A Palestinian man carries a sack of flour inside a United Nations compound after receiving food supplies at the Rafah refugee camp in the southern Gaza Strip on September 1, 2018. (Photo by AFP)

The UN World Food Programme’s (WFP) decision to cut food aid to the Gaza Strip has been influenced by Washington's drive to cause “mass starvation” among Palestinians, says an analyst.

“This is what comes of the Trump administration’s calculated policy of provoking mass starvation among the Palestinians especially in Gaza by cuts in the United Nations Relief and Works Agency and obviously that decision was taken conjointly with [Israeli Prime Minister] Benjamin Netanyahu,” Bruce Katz, co-president of Palestinian and Jewish Unity, told Press TV in an interview on Thursday.

“The fact is that Gaza has been under a criminal blockade for approximately 11 years and it has already been stated categorically that by 2020 Gaza would be unlivable. So what we are seeing here is a policy that basically is genocidal … It is a slow genocide, this is a crime against humanity,” he added.

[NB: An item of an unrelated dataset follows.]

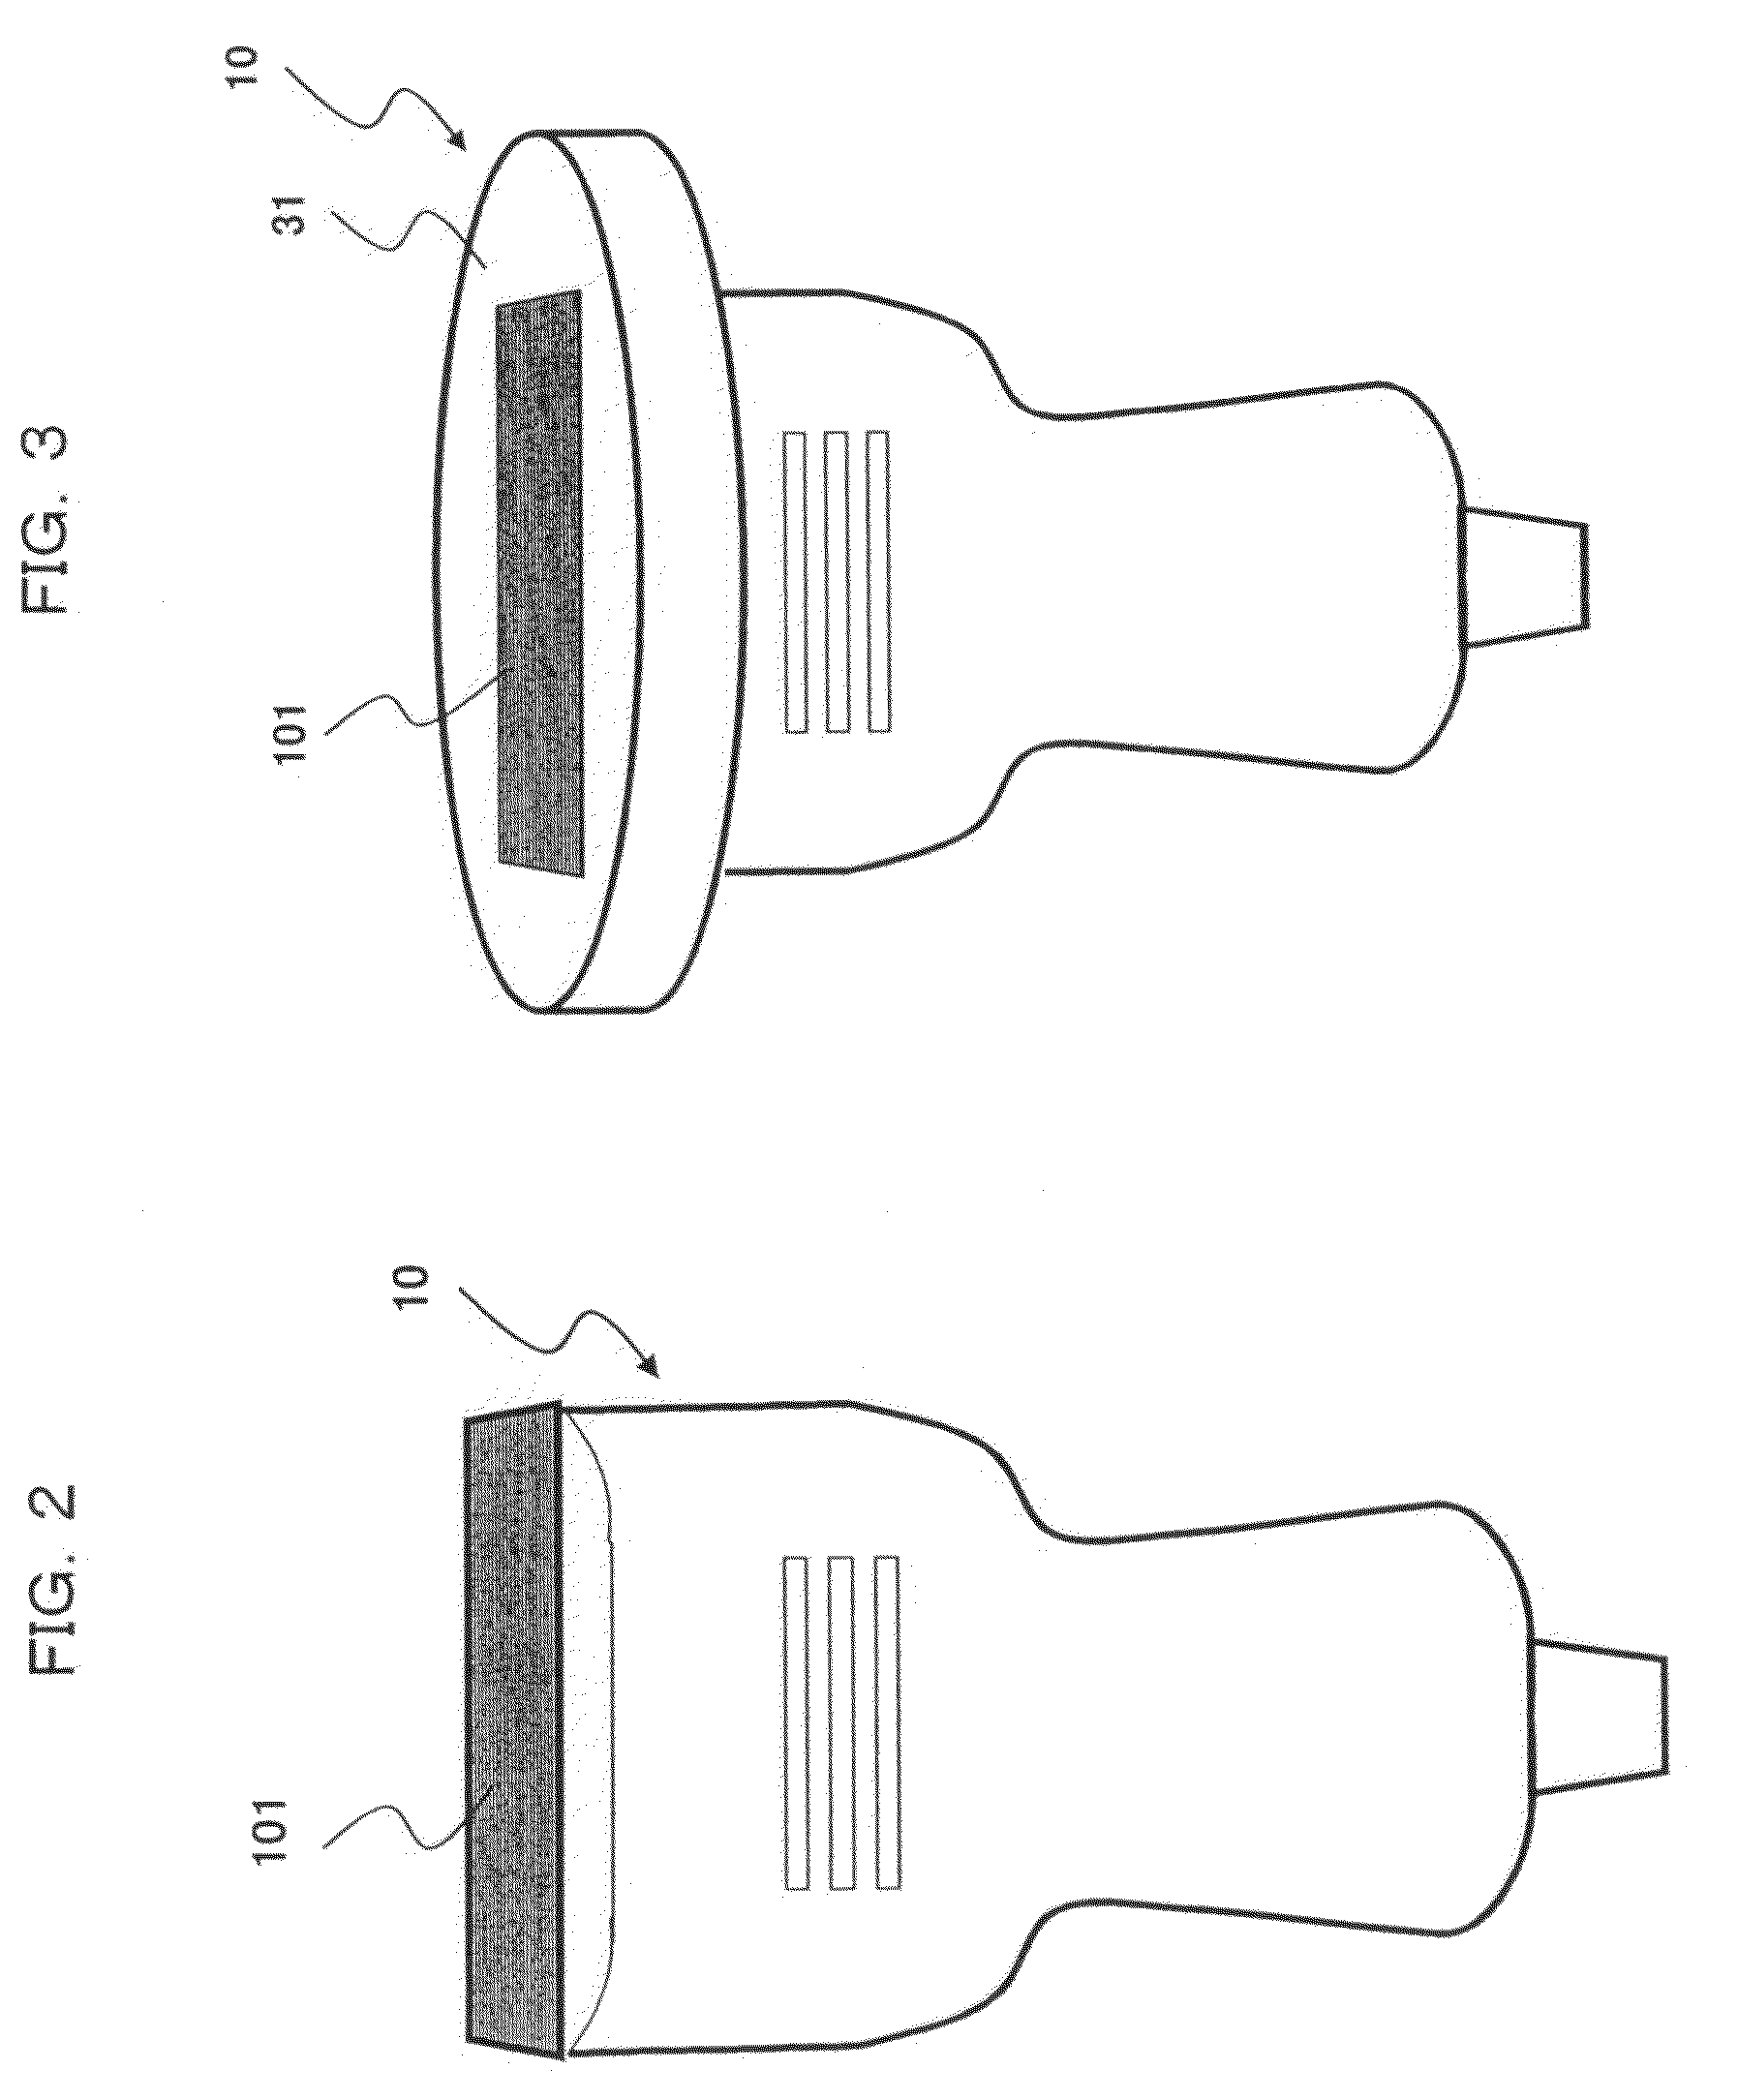 Utrasound probe and ultrasound elasticity imaging apparatus

The WFP says it would cut food aid to around 190,000 impoverished Palestinians in the besieged Gaza Strip and the occupied West Bank - half of all its recipients there- due to funding shortages.

The UN food agency on Wednesday blamed the funding shortages on cuts by the United States, the agency's biggest contributor, and other nations in aid to Palestinians.

The cuts in food assistance will reportedly take place starting January 1.

The Gaza Strip has been under an Israeli blockade since June 2007. The blockade has caused a decline in the standard of living as well as unprecedented levels of unemployment and unrelenting poverty.